I have had heartbreaking conversations with headteachers about pupils starting Reception still in nappies and unable to say their own name or hold a knife and fork. Many of these children are so far behind socially and academically that they never catch up, however hard their teachers try. These are the pupils who most need the state to step in with high quality early years education, to compensate for the lack of support they are getting at home. They will not benefit from the budget announcement.

Hunt also said that the staff-to-child ratio in nurseries would be relaxed—a misguided change that parents hate and providers are reluctant to introduce because they fear it would undermine the quality of the care they can offer. 
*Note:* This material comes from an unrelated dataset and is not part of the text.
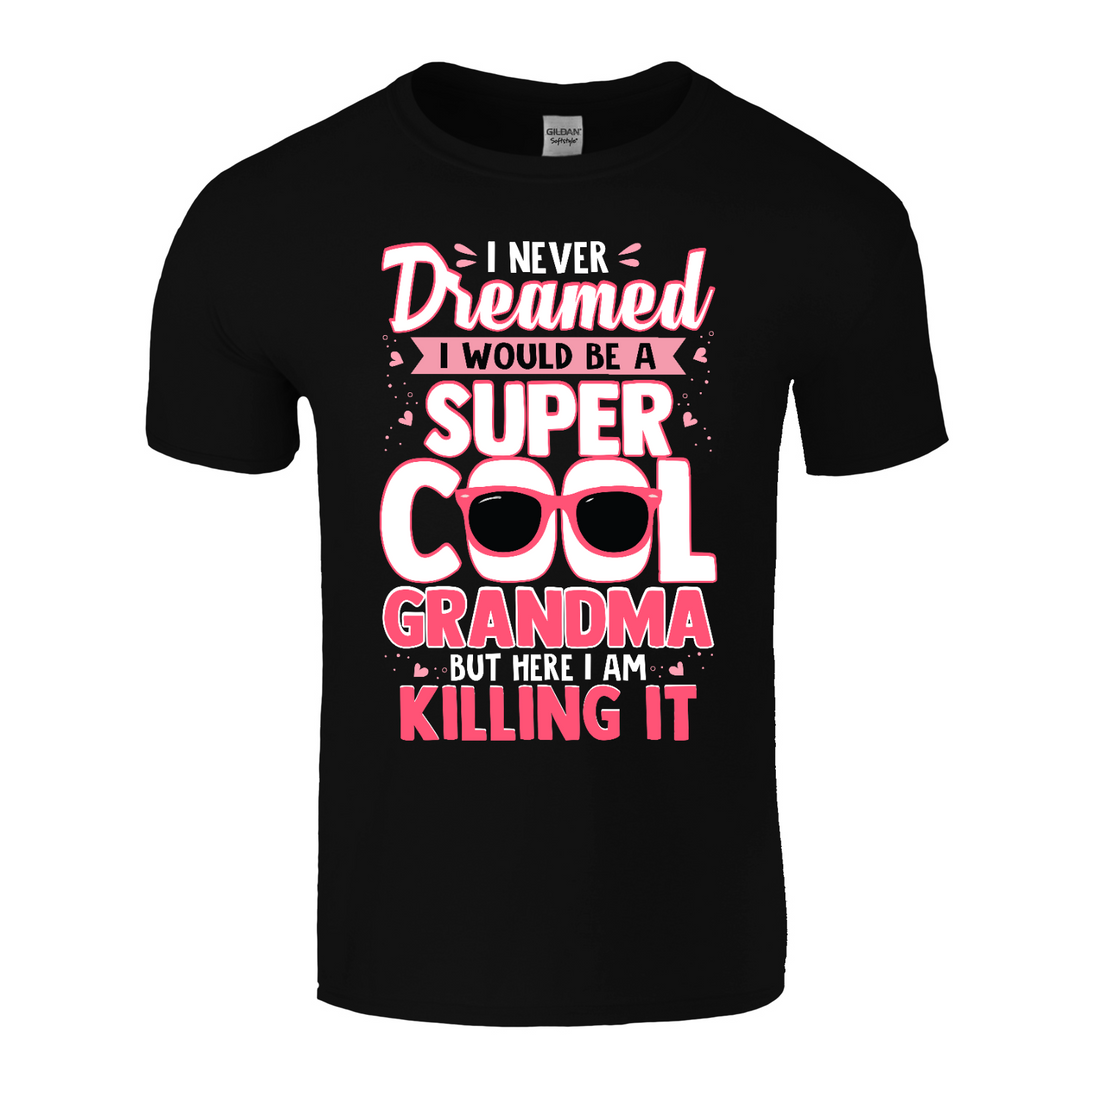 Super Cool Grandma | Black Tee Shirt

The best childcare systems in the world see early years provision as the vital first steps in education, rather than a babysitting service. They employ highly trained staff with the time to do their job properly, rather than simply seeking to drive down costs and get women back to work. In Estonia, they compare education to a tree and argue that the strength of the branches depends on the depth of the roots which are created at the very start of life. 

The evidence is compelling. What happens in the first thousand days of life is critical to outcomes later in life. One study in Jamaica showed that disadvantaged children who were exposed to high quality early intervention stimulation as babies and toddlers earned up to 25 per cent more 20 years later as adults. The American Nobel prize-winning economist James Heckman has calculated that there is a 13 per cent return on investment in the early years as a result of better education, health and social outcomes. This is one of the few policy reforms that can, if it is done properly, simultaneously boost economic growth and improve social mobility. 

The chancellor trotted out his four “Es” for economic policy in his budget speech. As an employment measure the childcare package may be a strong one, helping parents afford to return to work. But in terms of early years education, it is deeply flawed.